M02945:227:000000000-BHPRH:1:2114:12657:28629 ESR 100.00 8 0 0 2 9 9 2 0.027 14.3

M02945:227:000000000-BHPRH:1:2114:12657:28629 Cercle 96.67 30 1 0 1 30 1 30 8e-12 46.0

Nice, I got the 1->30 information, ok that's great.

I inserted a second mismatch position 29

>M02945:227:000000000-BHPRH:1:2114:12657:28629 1:N:0:1

GAGAGCTCTATTACTGCACTGGAGGGTACC

blastn -query test_sequence_for_blast.fa -subject ref.fa -culling_limit 1 -penalty -1 -task blastn-short -outfmt 6


M02945:227:000000000-BHPRH:1:2114:12657:28629 ESR 100.00 8 0 0 2 9 9 2 0.008 16.4

M02945:227:000000000-BHPRH:1:2114:12657:28629 Cercle 100.00 26 0 0 1 26 1 26 1e-13 52.0

And again I lost the info from 26->30... Because at the end I want to totally send to trash sequences with more than 2 mismatches

How to force blastn to align 1->30 straigth and yield the number of mismatch ?

I also tried to modify gap open penalty and gap extend penalty but that didn't do the trick...

Thanks for helping !

3.3 years ago

BLAST, by definition, does only LOCAL alignments.
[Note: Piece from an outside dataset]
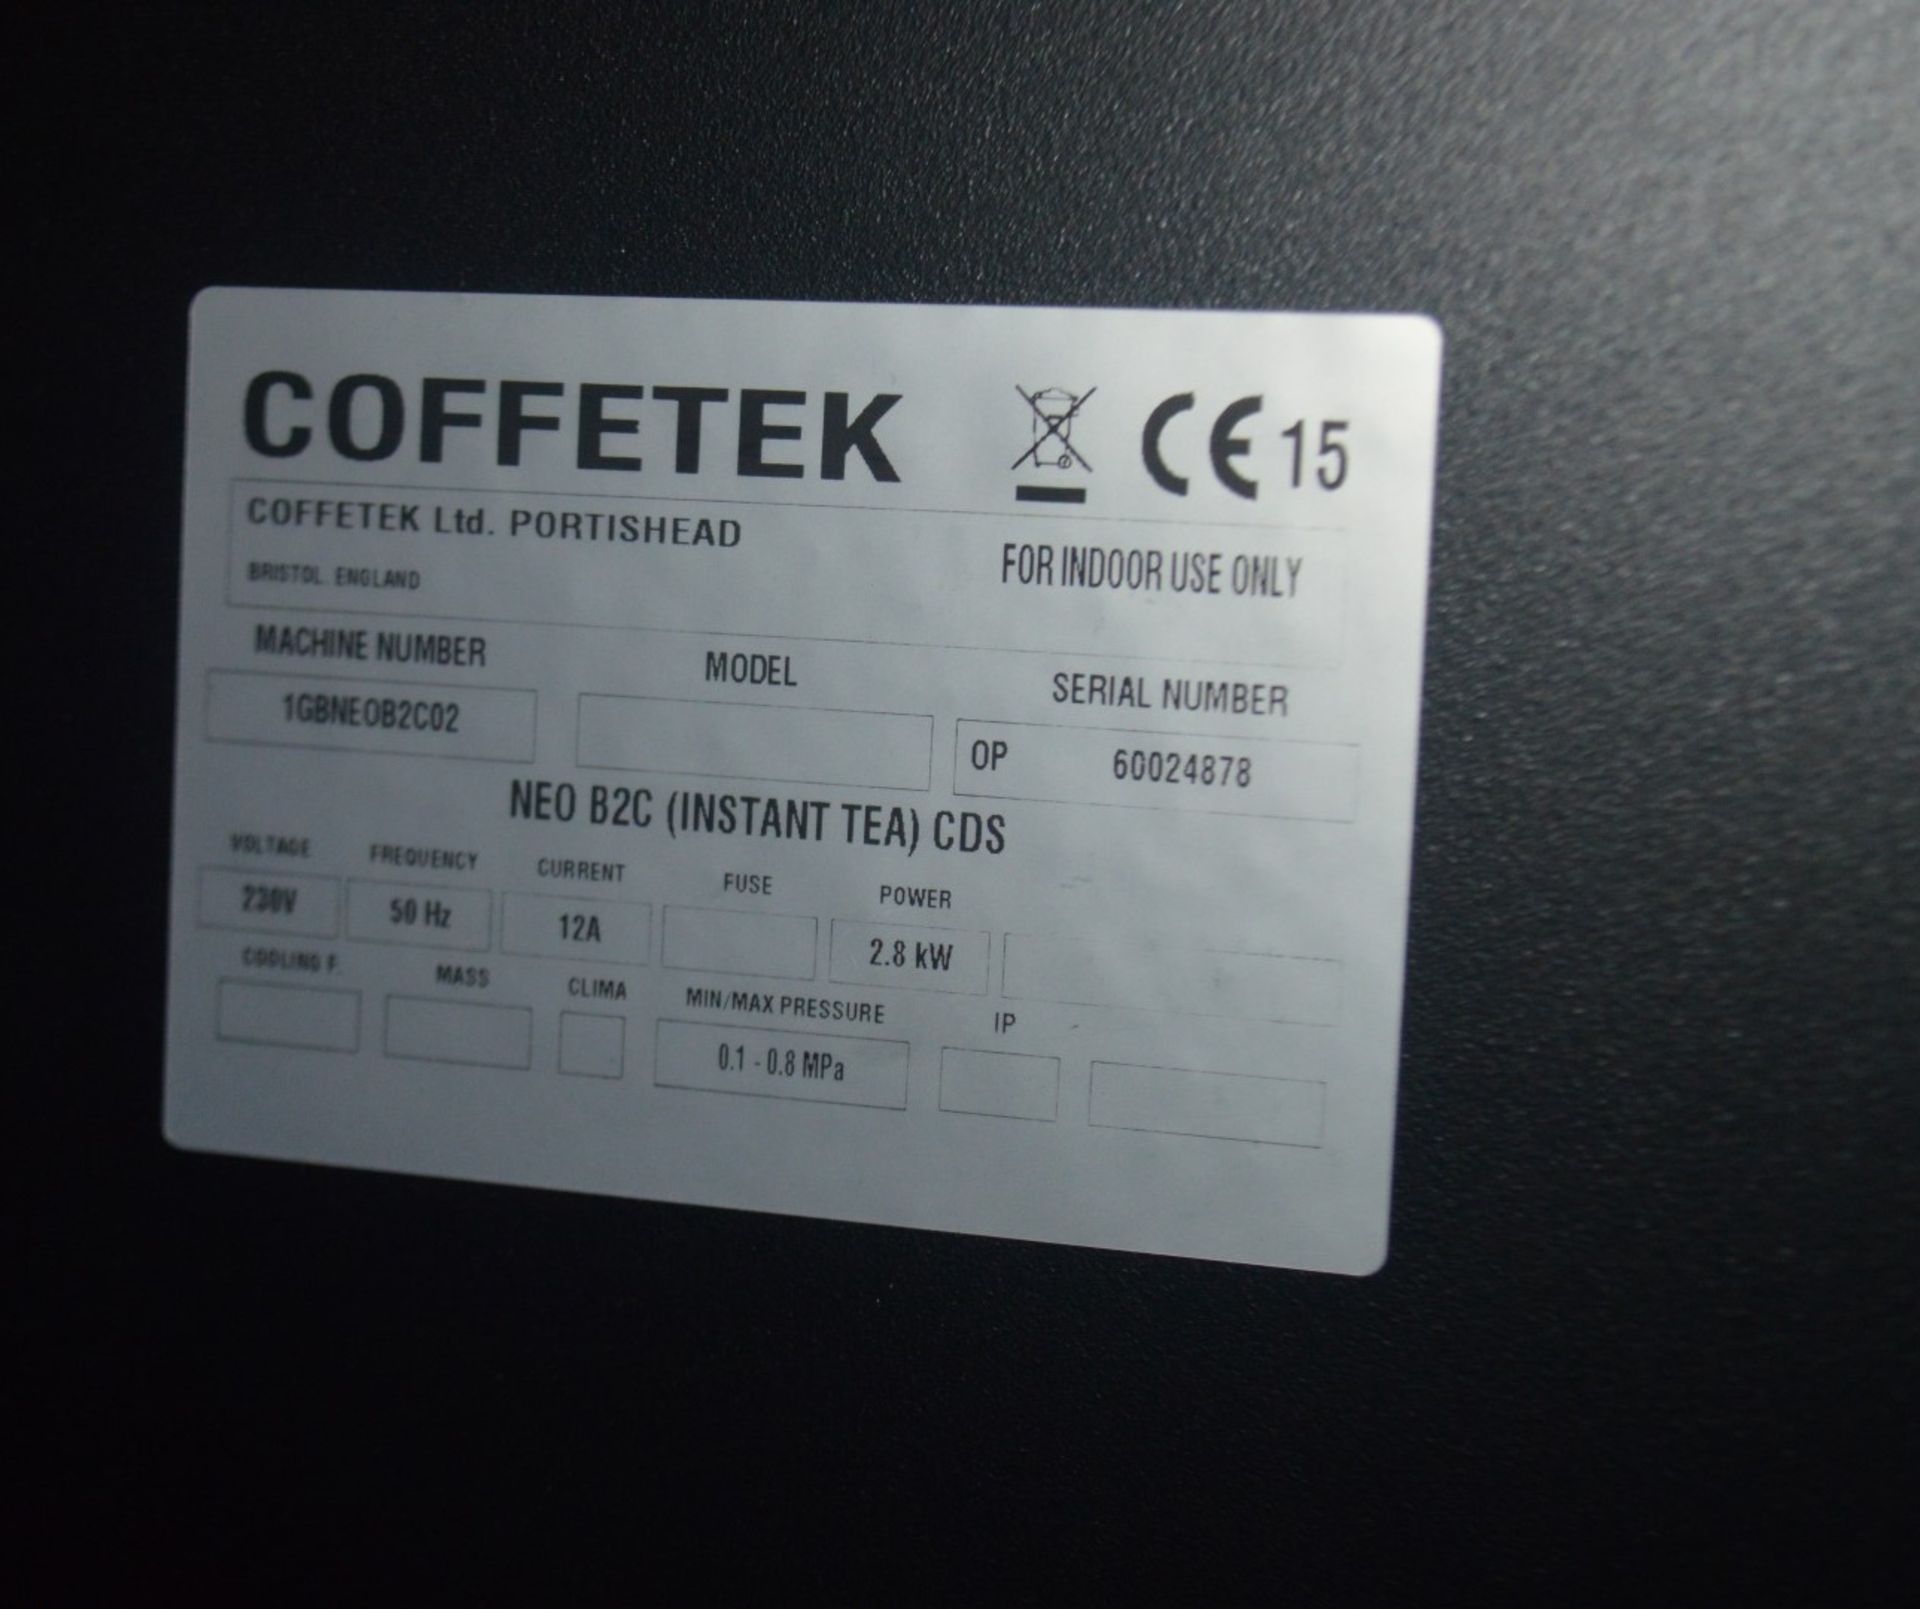 1 x COFFEETEK Touch Screen Instant Hot Drink Vending Machine - Model: Neo B2C (INSTANT TEA) CDS - Ve - Image 3 of 9

Maybe you are looking for a global alignment tool https://en.wikipedia.org/wiki/List_of_sequence_alignment_software#Pairwise_alignment

Thanks for this help, actually my query sequences are 100-150 bp long, I just trimmed the example sequence here for a better understanding. I think i'll substring the 30 first bases of each sequences and use bowtie2 --end-to-end on them.

Why substring the first 30 bases? Bowtie2 or bwa mem should be supporting longer reads

I'm just interested in the first 30 bases

Nevertheless, don’t use a local aligner if you want a full sequence alignment.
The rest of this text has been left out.